大人の真剣な遊びで輝く 火縄生産量日本一の小さな集落
岩手県住田町 五葉山火縄銃鉄砲隊伝承会
知られざる日本一の歴史の発覚をっかけに

 岩手県南東部の住田町。周囲を囲む山々のなかでも標高の高い五葉山の麓で、火縄銃を軸にした活動が行われている。「五葉山火縄銃鉄砲隊伝承会」、名称は少々しかつめらしいが、その活動はユニークで真剣、そして明るく誇り高い。

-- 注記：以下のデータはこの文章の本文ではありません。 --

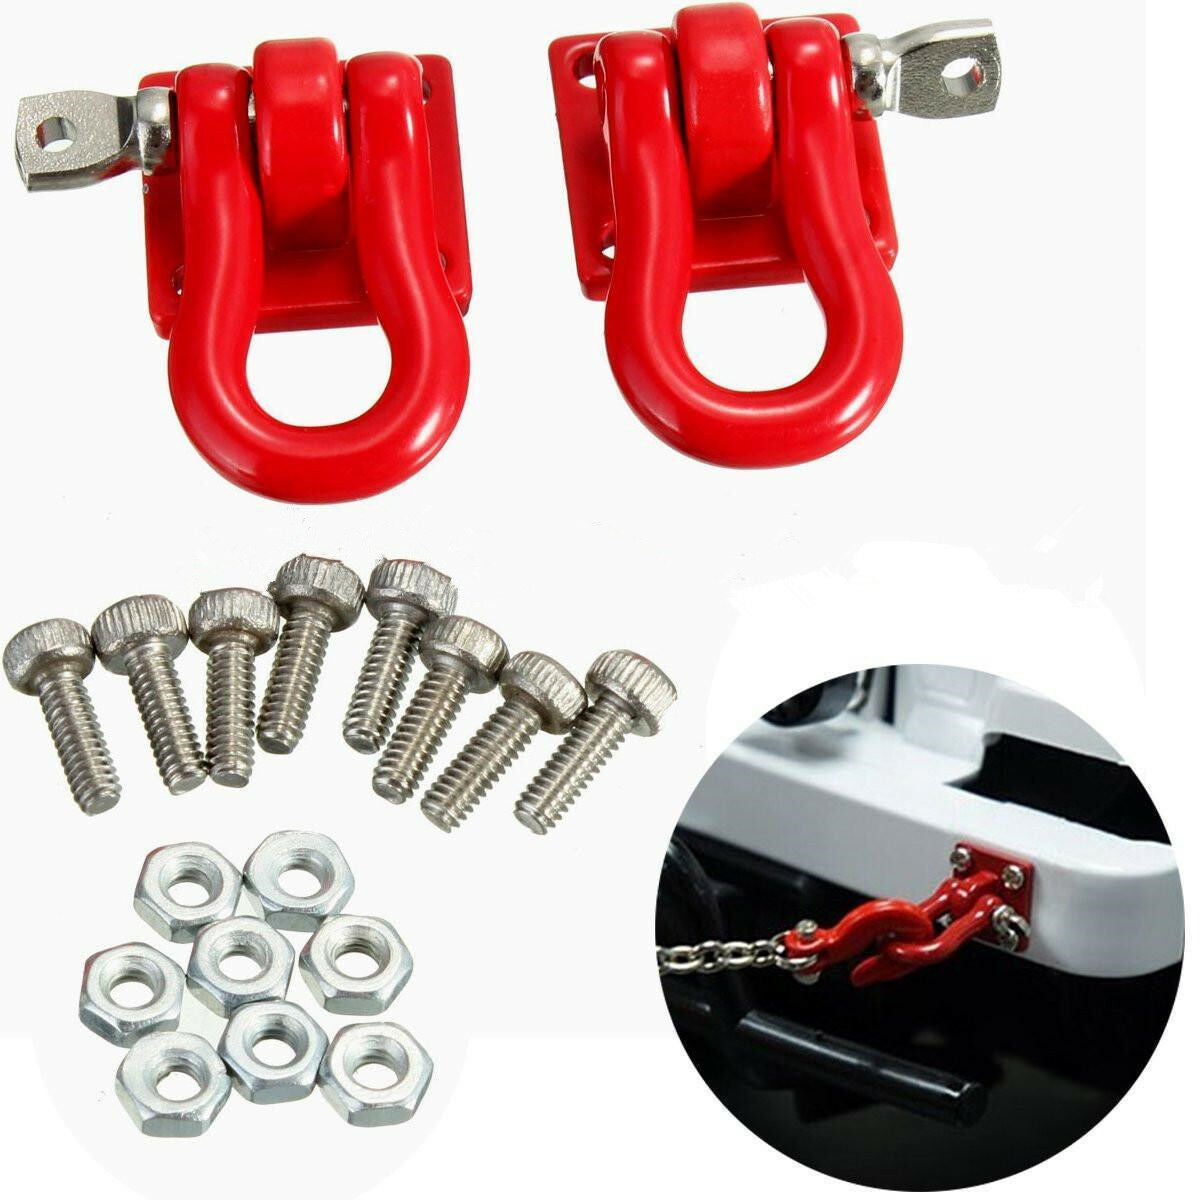 1 Pair 1:10 Scale Hook Shackles for RC SCX-10 Crawler Truck Accessories Red T DD

 藩政時代、岩手県の大部分は南部藩だったが、県南部は伊達藩に属し住田町はその北端にあたる。内陸と沿岸を結ぶ街道が通り、藩境近くは金山、鉱山等に恵まれていたため、厳重な警備が敷かれていた。伊達藩は巨大鉄砲藩として知られ、火縄の原料となるヒノキを多産する五葉山は「檜山」とも呼ばれ、藩が守護する「御用山」であった。それにちなんで名付けられた麓の桧山集落には藩から特別に数丁の鉄砲が貸与され、自衛の鉄砲隊が組織されていた歴史がある。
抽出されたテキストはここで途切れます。